Sachtleben, 55, got a combined total of 140 months in prison -- 97 months in the child pornography case and a consecutive 43 months in the national security case.

President Barack Obama's administration came under sharp criticism from lawmakers and media rights groups over its probe of the leak, after investigators confiscated phone records of reporters at the Associated Press.

But federal prosecutors said the case underlined the government's determination to hold leakers accountable for spilling secrets.

Sachtleben was charged after investigators traced to his laptop about 30 sexually explicit images and video files of youths generally below the age of 12.

According to prosecutors, Sachtleben "avidly traded in child pornography," using his email accounts to distribute the files to at least 12 other people around the world between September 2011 and his arrest on May 11, 2012.
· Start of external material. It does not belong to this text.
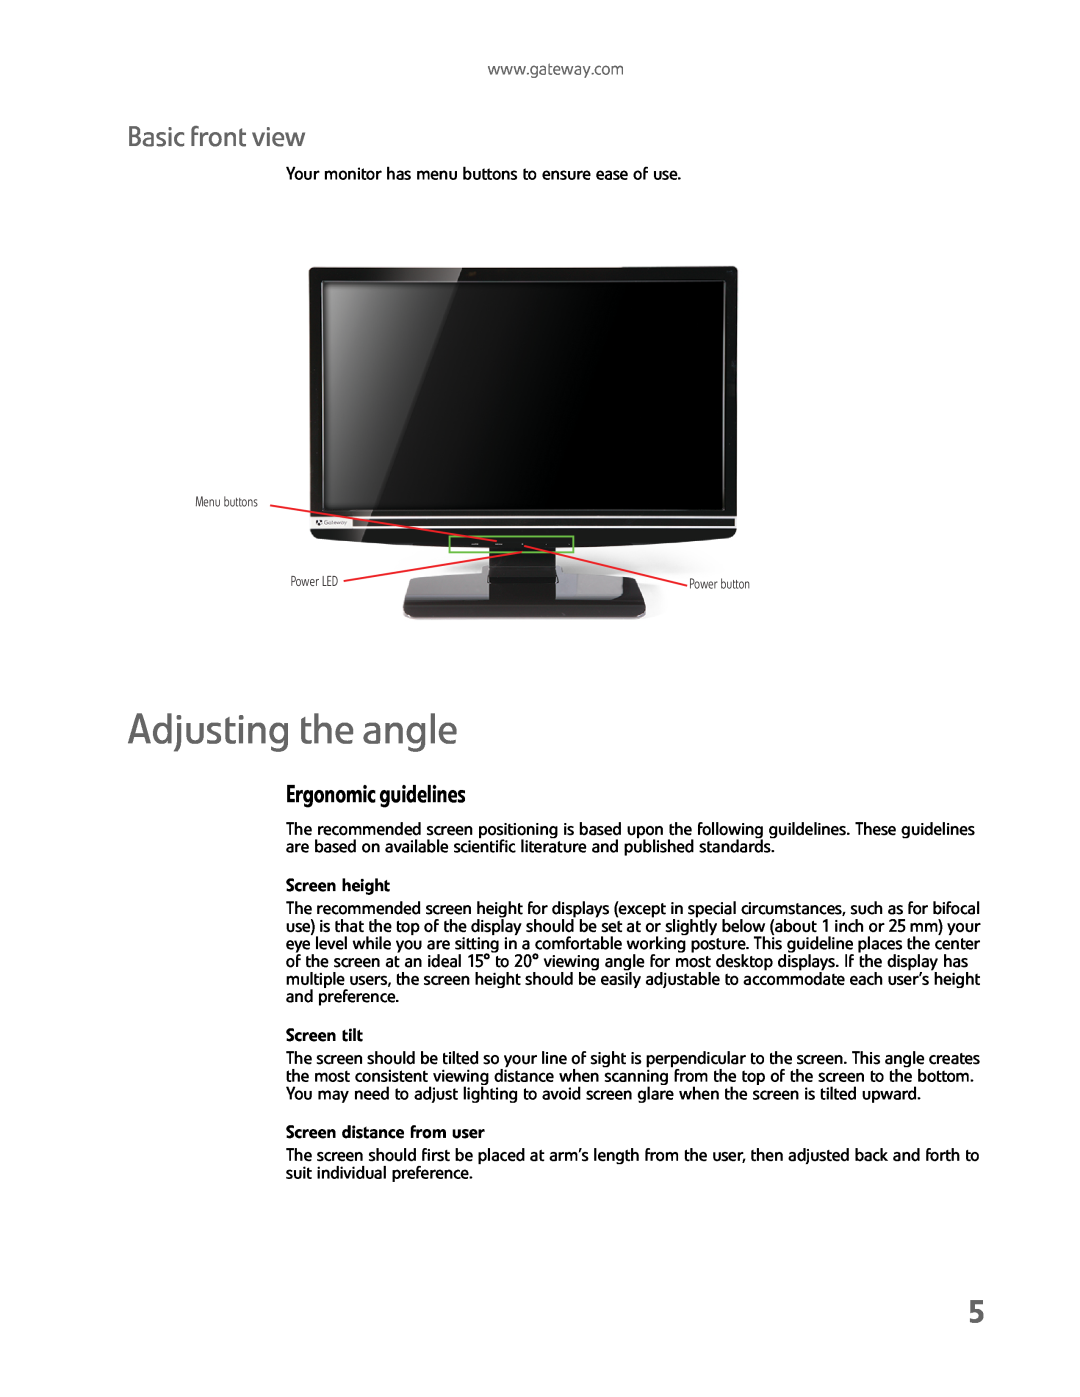 Gateway HX2000 manual Adjusting the angle, Basic front view, Ergonomic guidelines

The national security leak disclosed a CIA operation that disrupted a plot in 2012 by Al-Qaeda's branch in Yemen to detonate a bomb on an airplane bound for the United States.

Sachtleben revealed the information just nine days before his arrest in Carmel, Indiana.

"Defendant Donald John Sachtleben betrayed this nation and the most vulnerable members of our society," an October court filing said.

Sachtleben had worked for the FBI from 1983 until 2008 as a bomb technician and, after his retirement, was hired as a security contractor.

In investigating the leak, authorities obtained two months of phone records of AP reporters and editors at several offices, covering 20 separate phone lines, defense lawyers said.

No reporter was charged in the Sachtleben case or in another investigation of a leak about North Korea.

But rights groups and news outlets have blasted what they called heavy-handed tactics by investigators and warned the administration's tough line could have a chilling effect on journalistic inquiry.

Although Obama had promised openness when he entered office, his administration has pursued an unprecedented crackdown on leaks from government employees, attempting more prosecutions under the 1917 Espionage Act than all previous administrations.

US Army Private Chelsea Manning, sentenced as Bradley in August before changing gender identity, got 35 years in prison for passing a trove of classified documents to the anti-secrecy website WikiLeaks.

John Kiriakou, a former Central Intelligence Agency officer, was charged with leaking secrets after he gave an interview to ABC television describing the use of waterboarding in interrogations of terror suspects under the George W. Bush administration.

He pleaded guilty in 2012 to disclosing the name of a covert CIA officer and was sentenced to two and a half years in prison.

Sachtleben's sentencing also serves as a warning to intelligence leaker Edward Snowden, who has been charged with espionage and condemned for his dramatic disclosures on US electronic surveillance.